Your instructions:
Since the pictures are not wanted, copy only the text of every record exactly.

** The data follows **

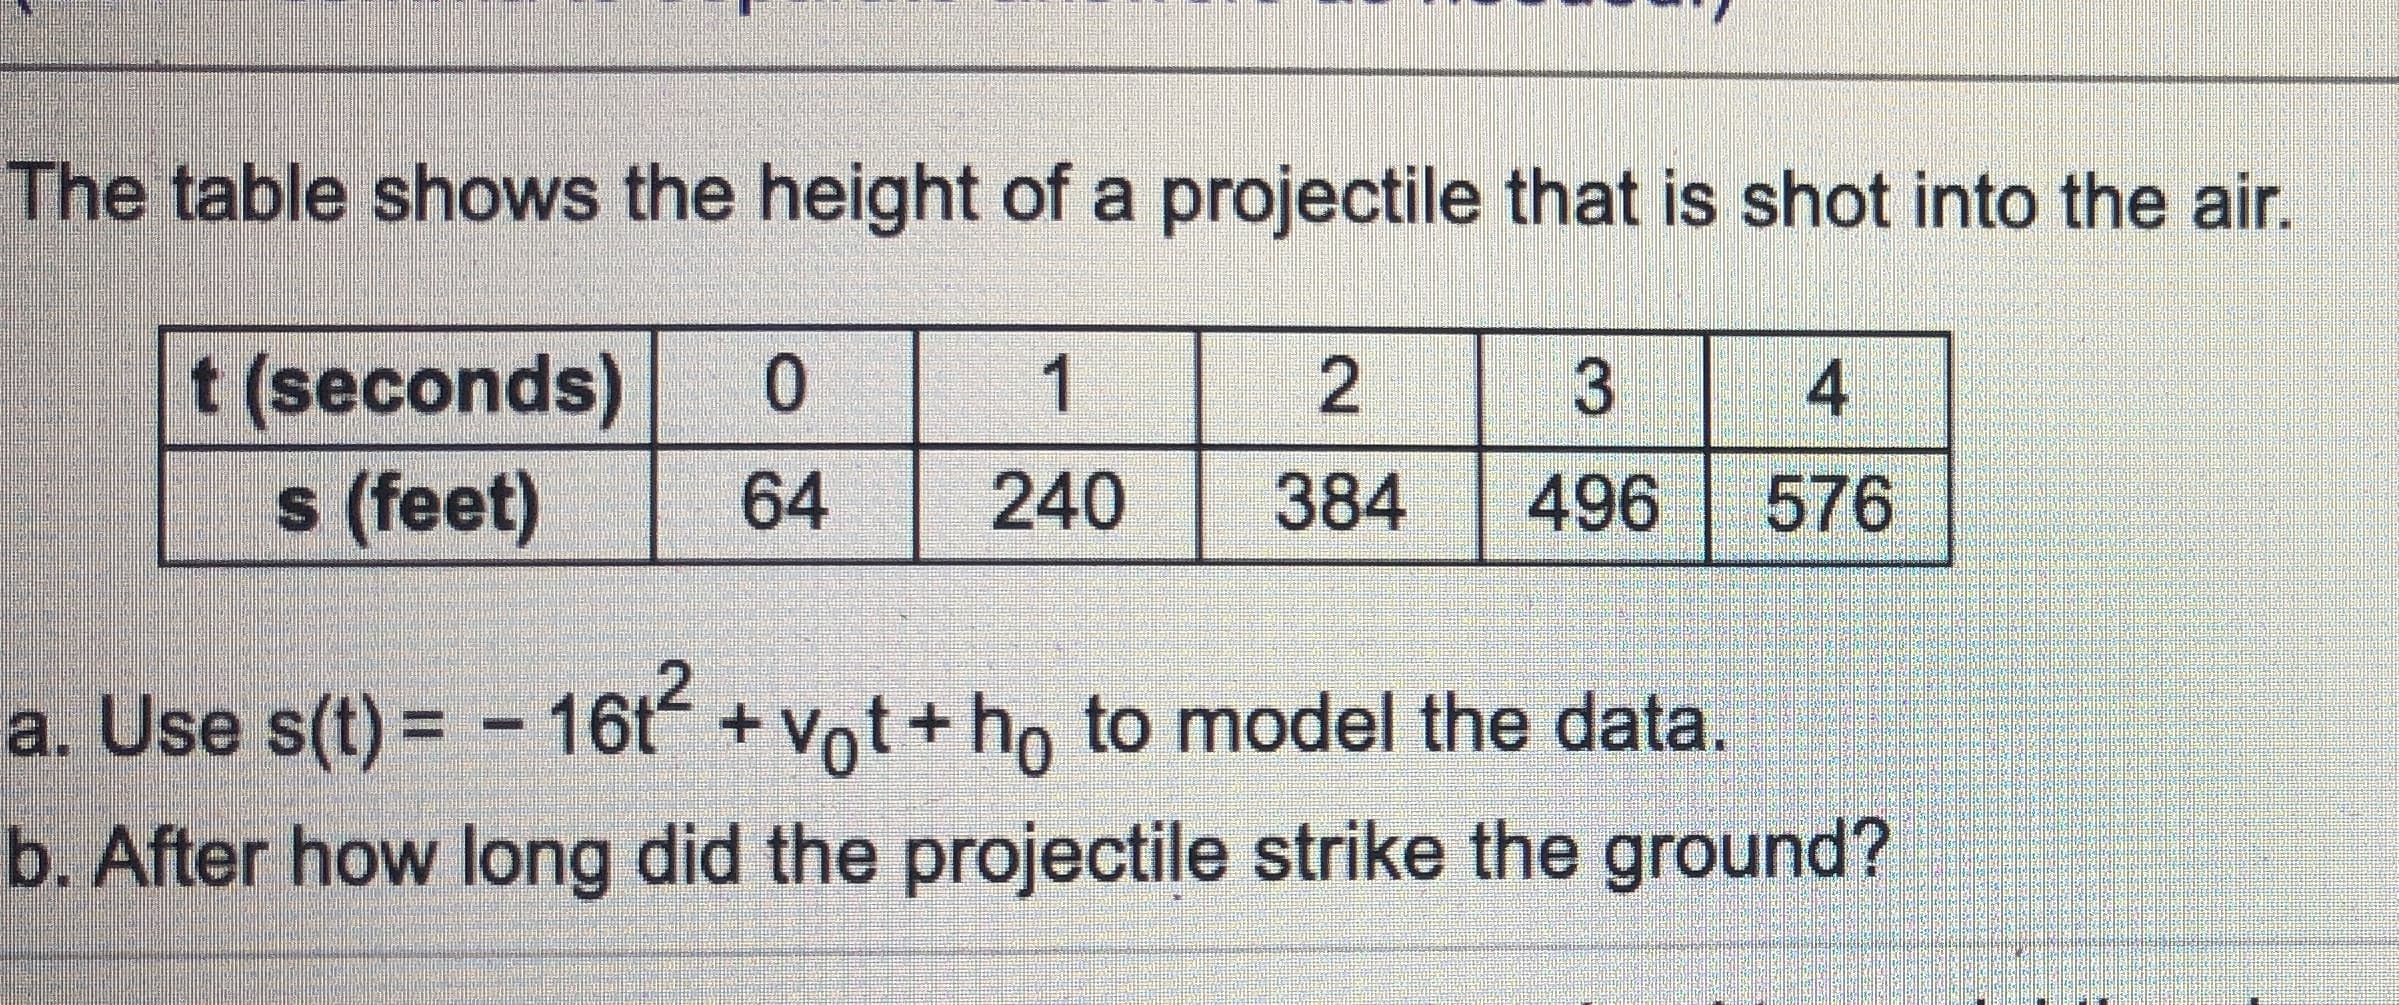 The table shows the height of a projectile that is shot into the air.
t (seconds)
s (feet)
0.
1
3
64
240
384
496
576
a. Use s(t) = - 16t + Vot+ho to model the data.
b. After how long did the projectile strike the ground?

** End of The data **

Output of the exercise:
 The table shows the height of a projectile that is shot into the air.
t (seconds)
s (feet)
0.
1
3
64
240
384
496
576
a. Use s(t) = - 16t + Vot+ho to model the data.
b. After how long did the projectile strike the ground?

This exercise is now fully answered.